Looks like this is a bug.

anshumang avatar Jul 15 '20 01:07 anshumang

@anshumang Does it help if you change num_samples from size_t to int? If so, this is indeed a bug and will be fixed in https://github.com/thrust/cub/pull/38.

leofang avatar Jul 20 '20 17:07 leofang

No, it does not. @leofang

anshumang avatar Jul 20 '20 19:07 anshumang

Hi @anshumang Sorry I dropped the ball. Actually I was being silly. In your case the error log seems clear: There's no atomicAdd defined for (uint8_t *, uint8_t). All of the versions that CUDA provides are listed here: https://docs.nvidia.com/cuda/cuda-c-programming-guide/index.html#atomicadd. It's needed to atomically add the counts to the corresponding bin.

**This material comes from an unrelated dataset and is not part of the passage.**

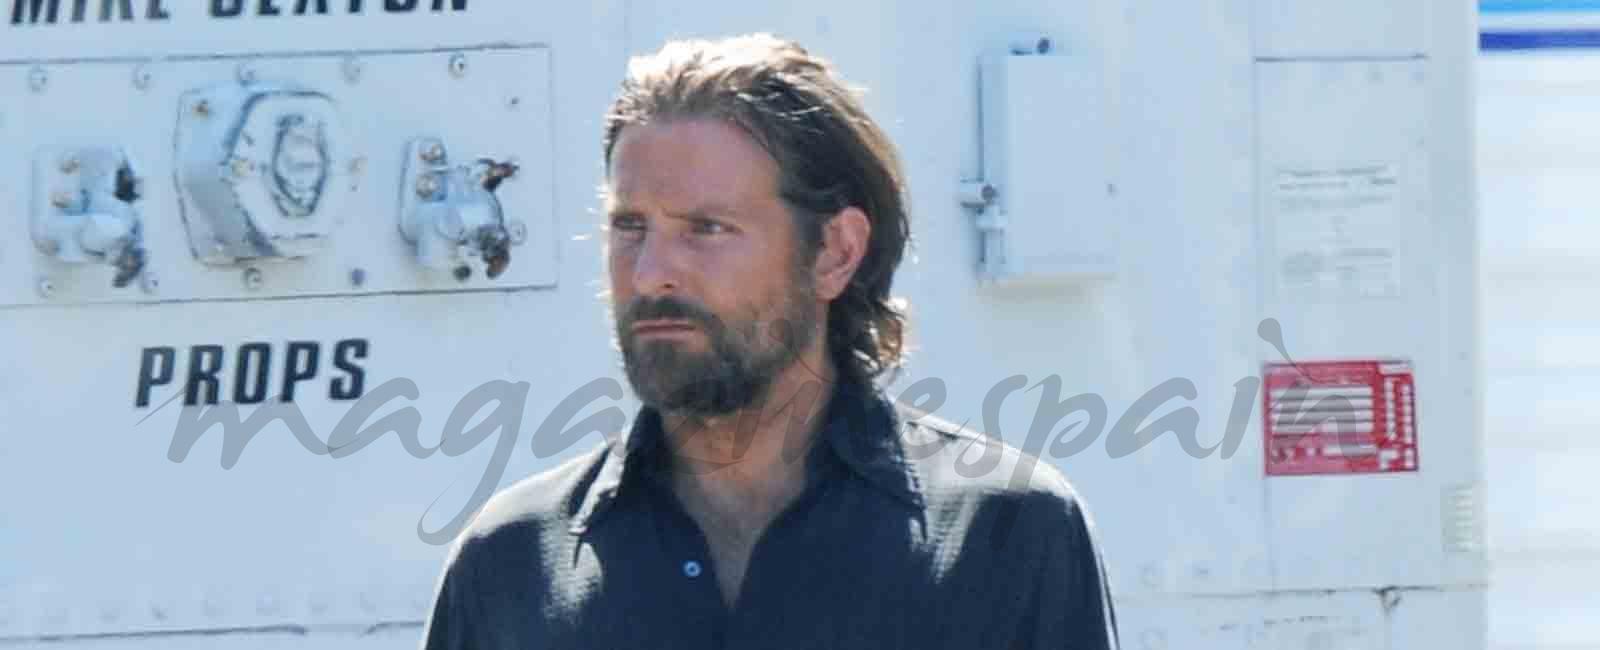 Bradley Cooper un atractivo roquero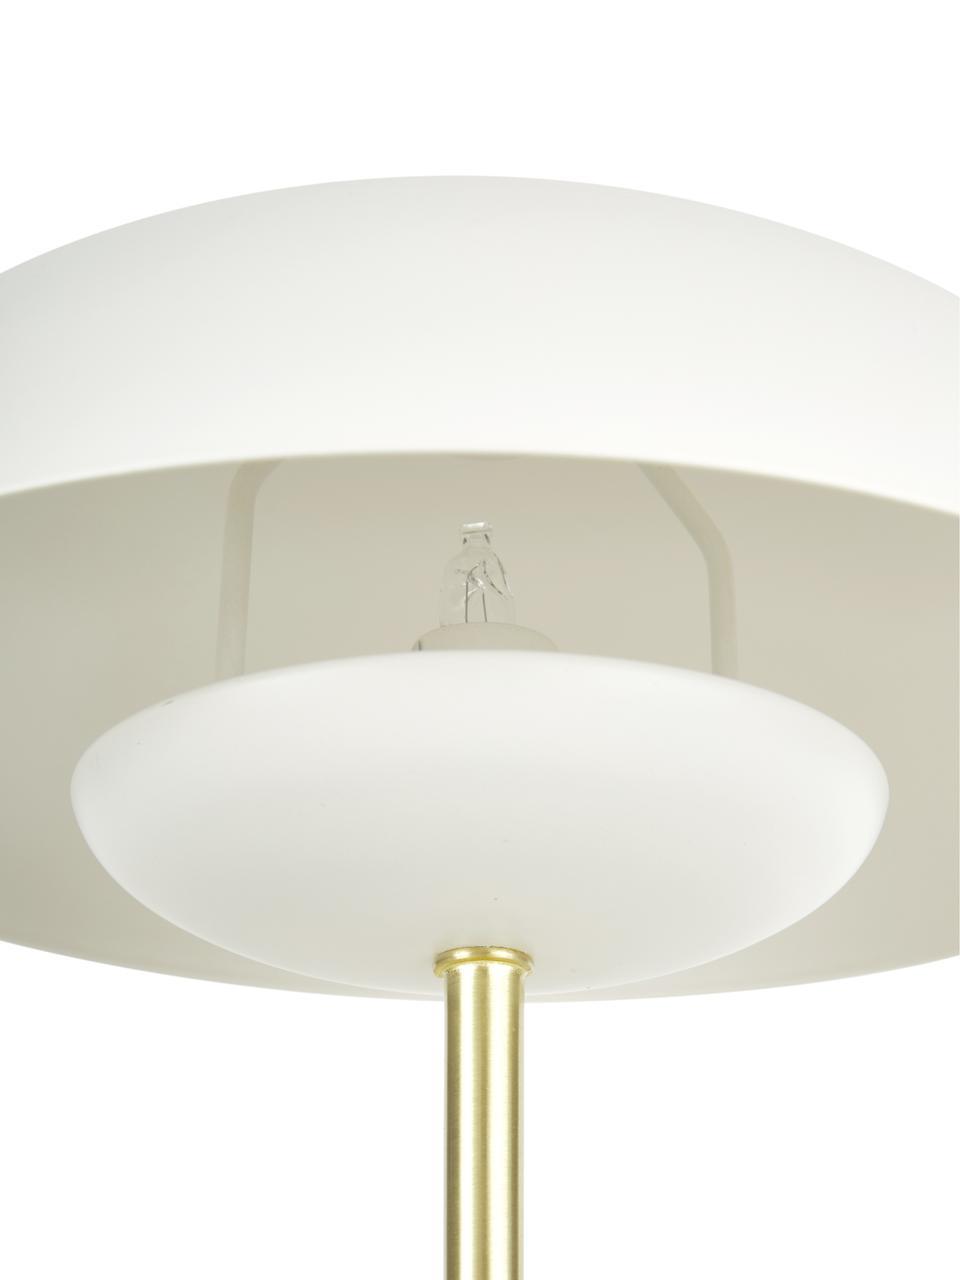 Tafellamp Mathea, Lampenkap: gepoedercoat metaal, Lampvoet: vermessingd metaal, Wit, messingkleurig, Ø 23 x H 36 cm

One very quick and dirty hack is upcast to unsigned int, which has an atomicAdd defined, and then downcast:

uint8_t atomicAdd(uint8_t* address, uint8_t val) {
    return (uint8_t)atomicAdd(reinterpret_cast<unsigned int*>address, static_cast<unsigned int>val);
}

This definition must show up before including device_histogram.cuh. However, there might be a performance impact for the upcast/downcast cycle, so some benchmarks are necessary.

leofang avatar Aug 04 '20 21:08 leofang

@anshumang Is your issue resolved?

leofang avatar Sep 09 '20 14:09 leofang

We should track down why we're trying to call atomics that don't exist here, and either error out or switch to a fallback implementation.

Trying to fake the atomicAdd as mentioned above will give an incorrect result (the wrong value will be read/written), and address is not likely to be aligned property for an atomic uint32_t access. To fake the atomic update, you'd need to

  1. load an aligned word
  2. do some shifts/masks to extract the bits you want from the word
  3. do the addition
  4. Replace the bits in the original word in (1) with the result
  5. Do a CAS operation to write back the memory, falling back to (1) if needed.

alliepiper avatar Oct 21 '20 18:10 alliepiper

This should be investigated and fixed when we address #227.

alliepiper avatar Nov 17 '20 21:11 alliepiper

Verified that this still happens with 1.16.0: https://www.godbolt.org/z/zGMv4enj8

alliepiper avatar May 09 '22 20:05 alliepiper